The publication presents emotional intelligence not as a fixed personality trait, but as a set of capacities that can be cultivated through awareness and practice. Drawing on the “three brains” approach and integrating emotional, cognitive, and bodily dimensions, it explores how young people and youth workers can navigate the challenges of contemporary life.  

The document unfolds through several interconnected layers:

  • understanding young people in times of transition;
  • exploring emotional intelligence and its practical implications;
  • proposing approaches and exercises for youth work;
  • highlighting the importance of cultivating emotional intelligence among youth workers themselves;
  • advocating for the integration of wellbeing and emotional literacy into youth policy.  

Perhaps most importantly, the publication challenges a widespread assumption that wellbeing is merely about recovering from stress. Instead, it proposes that wellbeing emerges when thoughts, emotions, and bodily sensations are aligned in everyday life.  

In retrospect, this shift appears remarkably prescient.

Why it matters to WellSpaces

Many of the questions that WellSpaces addresses today were already present, in embryonic form, in this publication.

The WellSpaces concern with emotional sustainability, reflective practice, and the creation of supportive ecosystems can be seen as an evolution of the seeds planted by Emotional Intelligence in Youth Work.

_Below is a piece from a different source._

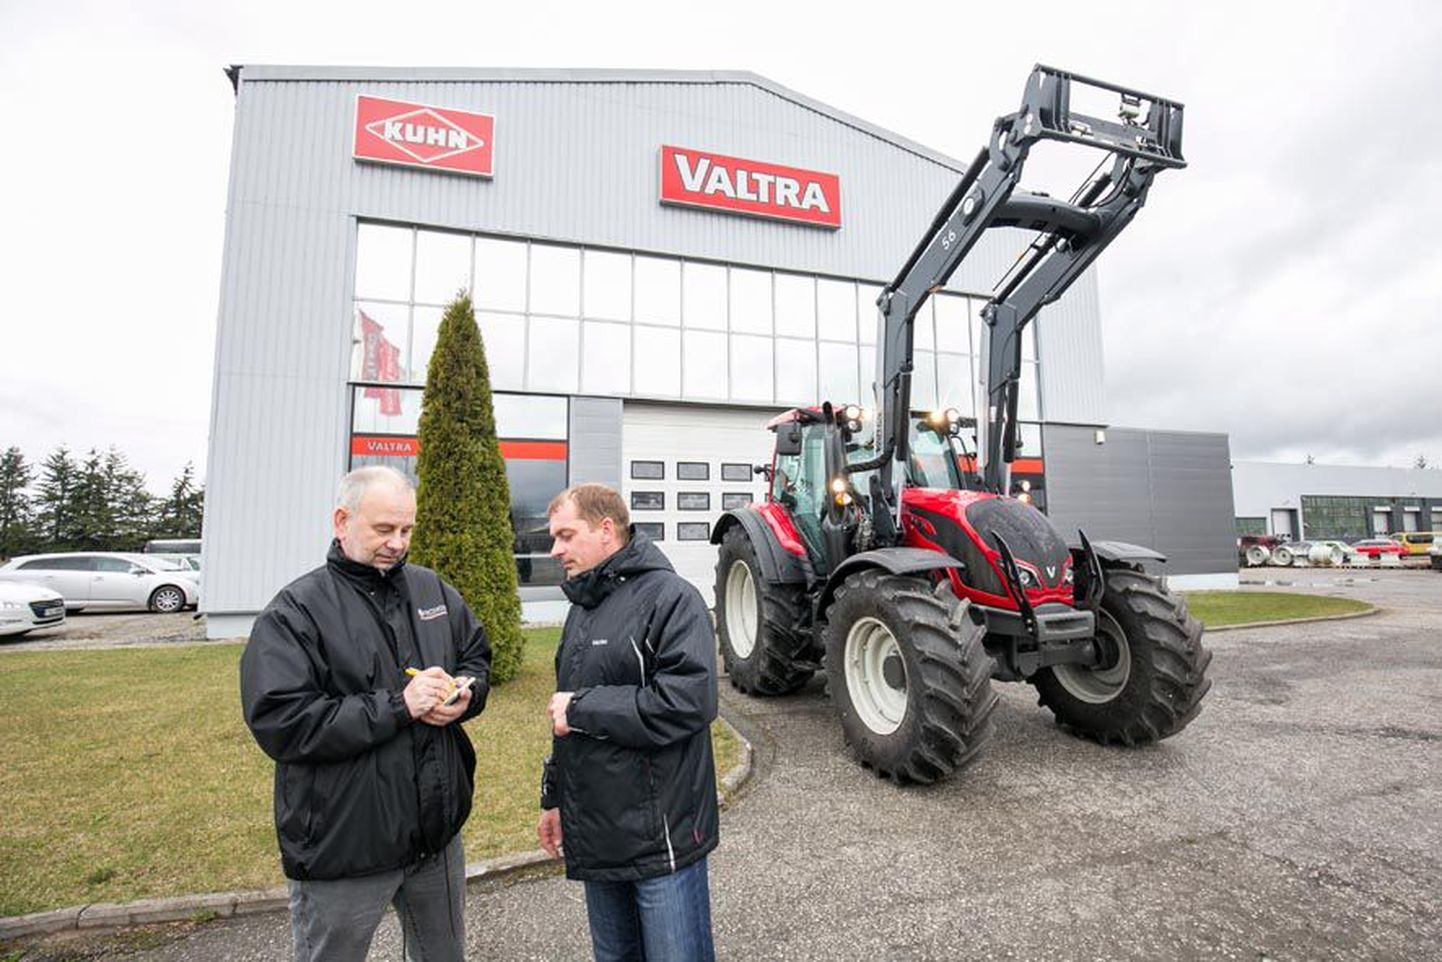 AS Taure müügijuhataja Toomas Jürgen (vasakul) ja müügiesindaja Janek Rannama näitavad maamessil Valtra traktori uusimat, N4 mudelit, mida eestlased näevad esimest korda.

Where the publication argued for emotional intelligence, WellSpaces expands the conversation toward:

  • empathy fatigue and burnout prevention;
  • workforce resilience;
  • embodied leadership;
  • psychological safety;
  • sustainable participation;
  • relational quality as a dimension of youth work systems.

In this sense, the publication can be understood not simply as a resource from the past, but as an early articulation of ideas that have become increasingly urgent.

What was once considered a “soft” dimension of practice has become central to discussions about quality, sustainability, and the future of the sector

What we learned over time

Looking back from today’s perspective, several insights stand out.

We learned that emotional literacy is infrastructure.

The emotional capacities of practitioners shape the quality of relationships, learning environments, and participatory spaces. Emotional intelligence is not separate from practice; it is one of the conditions that makes practice possible.

We learned that wellbeing cannot be reduced to individual responsibility.

Although personal awareness matters, emotional sustainability is influenced by organisational cultures, workload, support structures, and policy frameworks. The conversation has moved from individual resilience to systemic conditions.

We learned that the body matters.

Many approaches emerging within WellSpaces—including mindfulness, self-compassion, and embodied leadership—extend the original publication’s emphasis on integrating thought, feeling, and physical experience.

We learned that policy conversations need human language.

Technical frameworks alone are insufficient. Stories, lived experience, and emotional realities provide evidence that statistics cannot capture.